On le comprend dès qu’El Profesor commence à raconter le meurtre de son père. N’est-ce pas là un abus de la violence légitime que de tuer pour un vol? N’aurait-il pas été plus humain que de laisser s’enfuir un voleur d’argent que de le tuer? D’autant plus qu’il ne volait pas par avidité, mais bien pour sauver son enfant malade, que personne ne voulait aider. On le comprend quand les autorités refusent d’accorder une quelconque aide médicale, plus d’une fois, menant à la mort de deux personnes. Qui sont alors réellement les méchants? De ce point de vue, choisir le visage de Dali pour masque n’était pas innocent. Au-delà de son génie artistique, Salvador était connu pour perpétuellement refuser les codes de morale, remettant en question -par sa simple personne- les idéaux normaux de ce qui bien et de ce qui est mal. Symbole espagnol et universel de la transgression et de la marginalité. Les combinaisons sont rouges, couleur emblématique des mouvements socialistes. El Profesor est un idéaliste, qui souhaite voler sans voler personne, sans blesser personne, sans tuer personne. Pour qui au fond, le message importe plus que l’argent. On nous le signifie par indices interposés, plus ou moins subtils.

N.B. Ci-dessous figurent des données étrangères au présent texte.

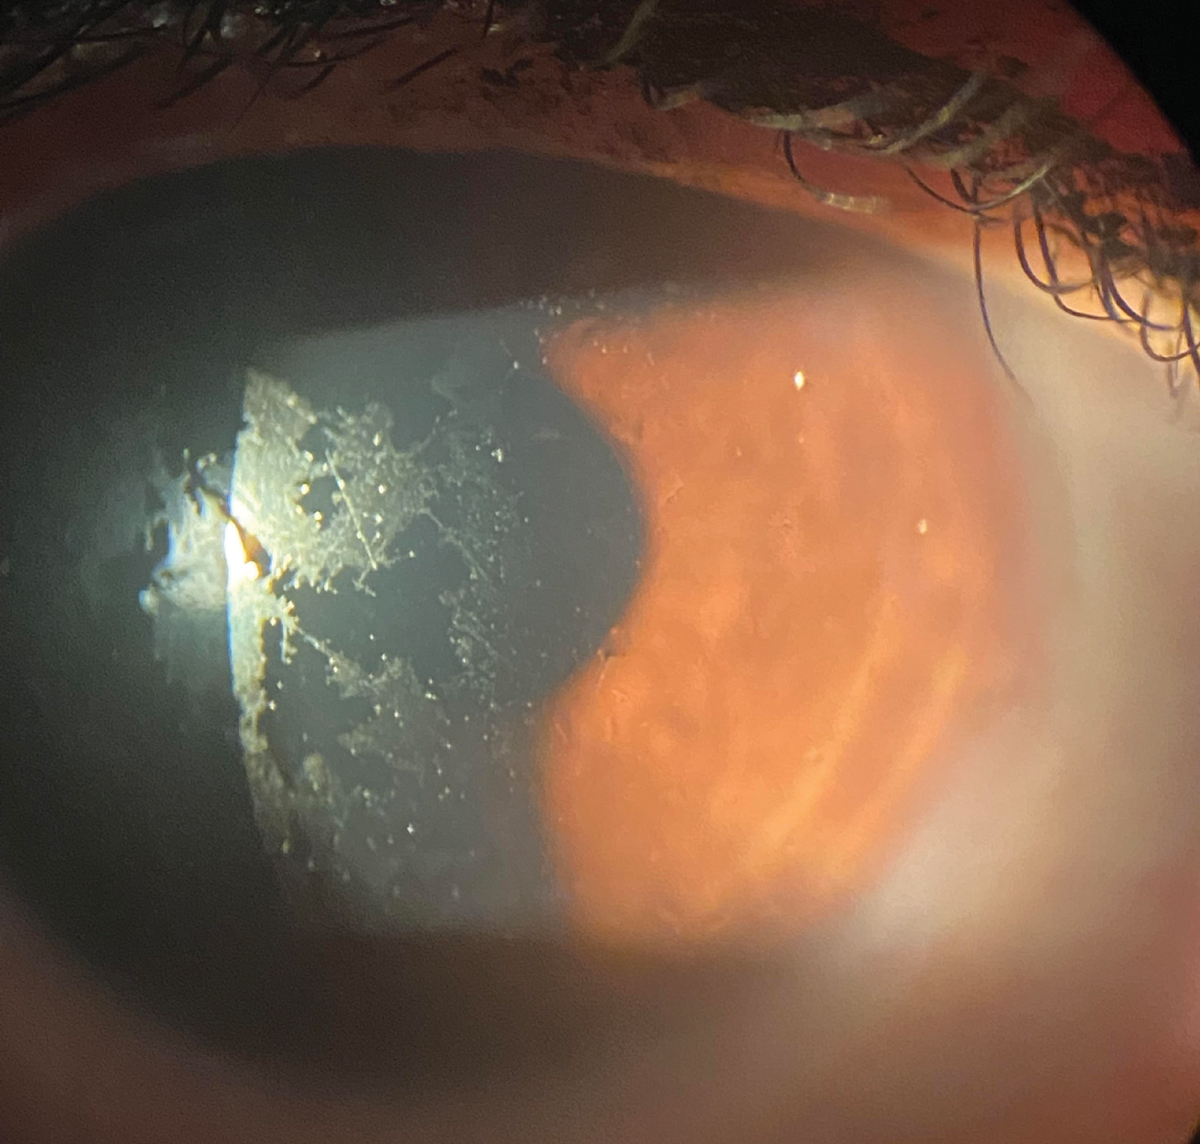 A patient complaining of discomfort and foggy vision, showing poor wettability of their scleral lens. The issues resolved with the addition of a Hydra-PEG coating.

Malgré ses défauts, au demeurant pardonnables, je n’ai qu’un seul reproche. Les motivations des cambrioleurs ne requièrent pas réellement d’approfondissement. Elles sont claires et limpides: plus rien à perdre, un montant indécent d’argent intraçable à gagner, retrouver son fils ou offrir la liberté à son fils, l’amour (aussi superficiel puisse-t-il paraitre)… Cependant, les motivations d’El Professor sont un élément plus que nécessaire à la cohérence de l’histoire et à son intérêt. Elles auraient mérité un réel développement. On n’en effleure à peine la surface. Et c’est bien dommage.
Bien qu’il y aurait eu assez de matière pour une troisième saison, il n’y en aura pas. On ne saura jamais ce que sont devenus nos cambrioleurs préférés. La fin ouverte nous laisse sur notre faim, en nous offrant, tout de même, une dernière occasion de chanter ensemble: Bella ciao, bella ciao, bella ciao, ciao, ciao!